Earlier this month, a report from the nation's leading cancer organizations showed death rates in the United States from all cancers for men and women continued to decline between 2000 and 2009. The findings came from the latest Annual Report to the Nation on the Status of Cancer. This is good news, and it is encouraging.
But even though cancer rates across the nation are decreasing, cancer is still a huge problem in our state — more than 25,000 new cancer cases were diagnosed in Kentucky in 2012.
In fact, Kentucky retains the dubious honor of ranking first in the nation in cancer deaths per 100,000 population among all states, and we have the second highest incidence rate for all cancer sites.
As a whole, Kentucky is also ranked in the top 10 states for incidence rates of these cancers: lung and bronchus (No. 1), colon and rectum (No. 1), oral cavity and pharynx (No. 1), kidney and renal pelvis (No. 2), brain (No. 3) and cervix (No. 8).
In the Appalachian region of the state, this problem is magnified further. This area has among the highest cancer incidence and mortality rates in the entire United States, and these rates are especially high for lung, colorectal and cervical cancers.

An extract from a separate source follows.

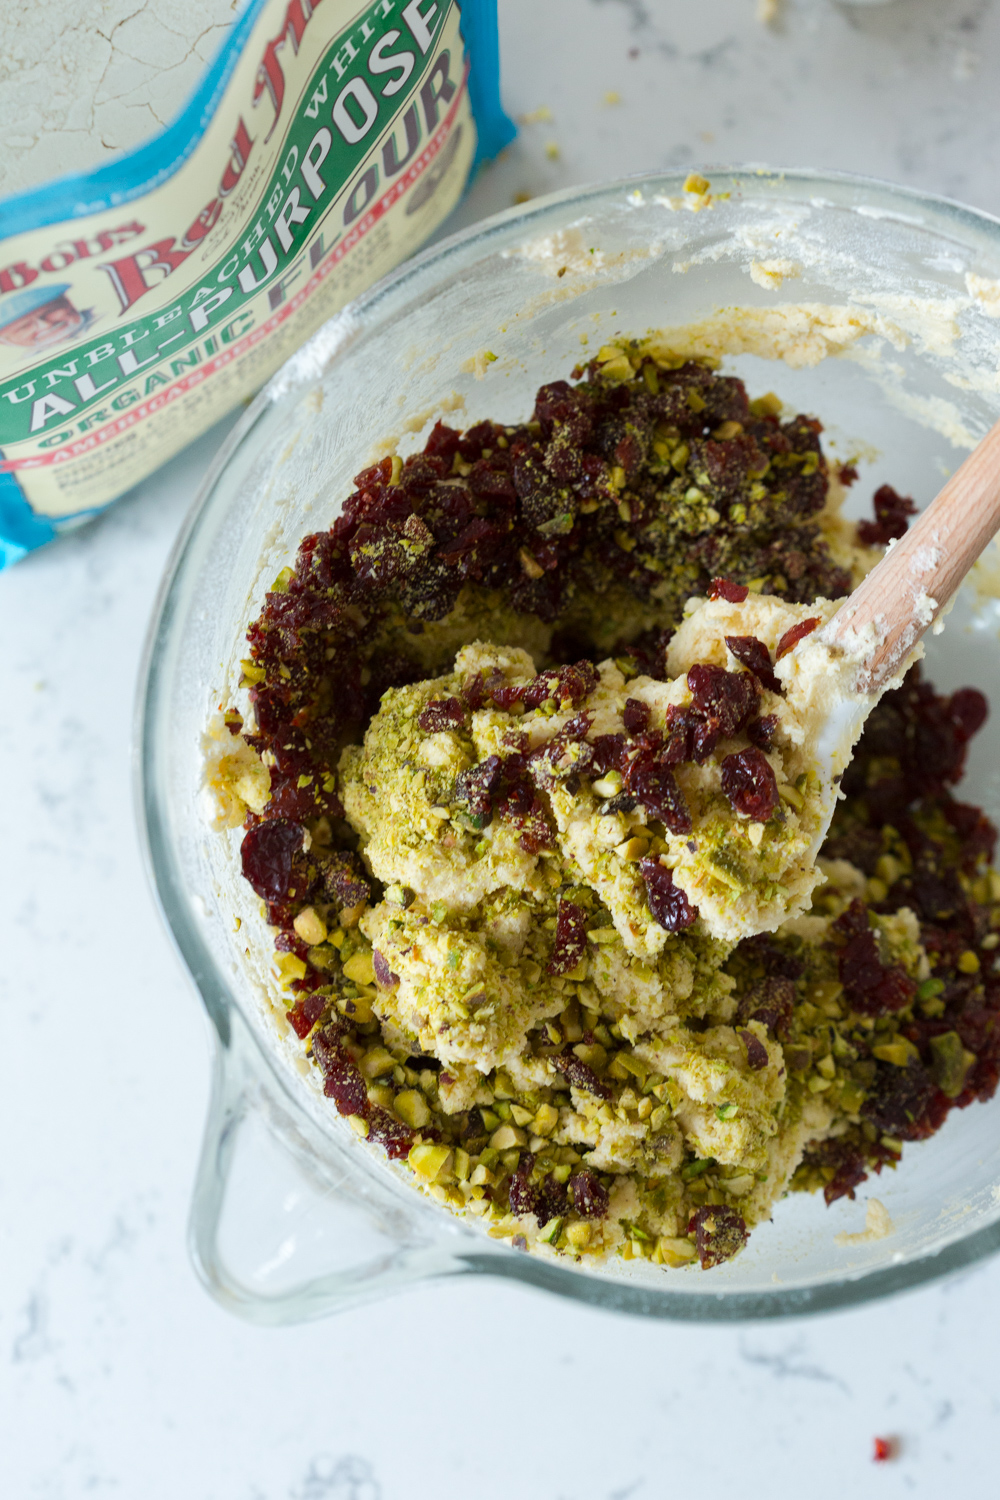 Cherry Pistachio and White Chocolate Shortbread Cookies dough mixing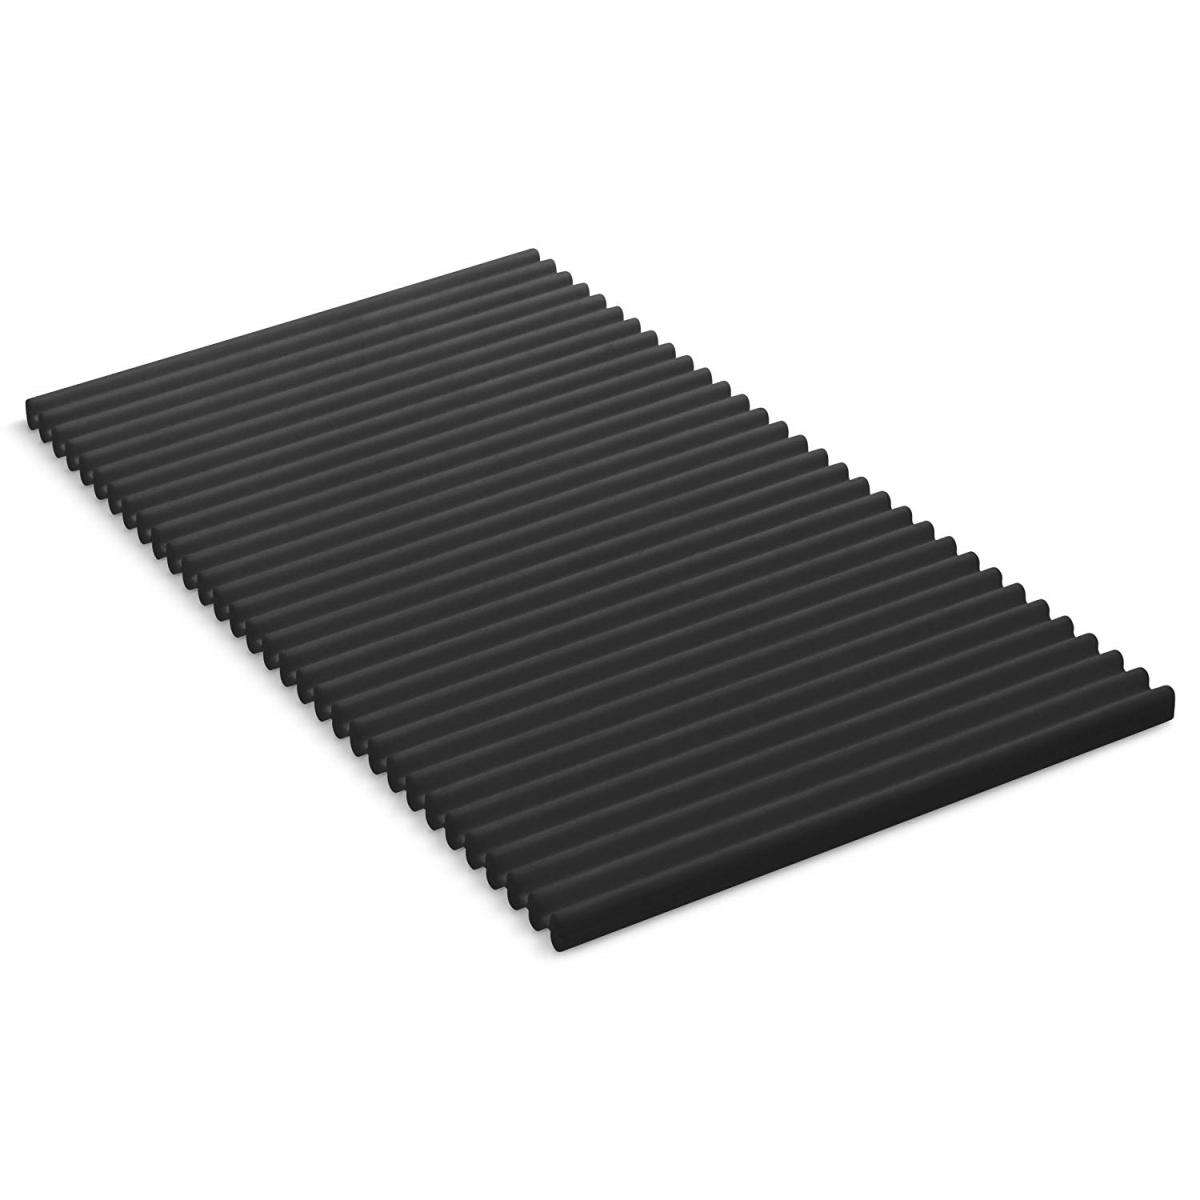 8619-chr 7 X 11.5 In. Silicone Trivet Set, Charcoal

These statistics are troubling, and numerous factors have affected our cancer burden here. The mission of the University of Kentucky Markey Cancer Center, as part of the UK HealthCare enterprise, is to reduce this burden through a comprehensive program of cancer research, treatment, education and community engagement with a particular focus on the underserved Appalachian population of Eastern Kentucky.
As the major referral center for Central and Eastern Kentucky, we've taken extraordinary steps in recent years to help combat cancer incidence and mortality, through promoting preventative measures, improving current treatments and patient access and facilitating cutting-edge cancer research. We've been aided greatly in our quest through the efforts of the Markey Cancer Foundation (formerly known as the McDowell Cancer Research Foundation), which has raised more than $70 million over the past 35 years to build our facilities and support our programs and research.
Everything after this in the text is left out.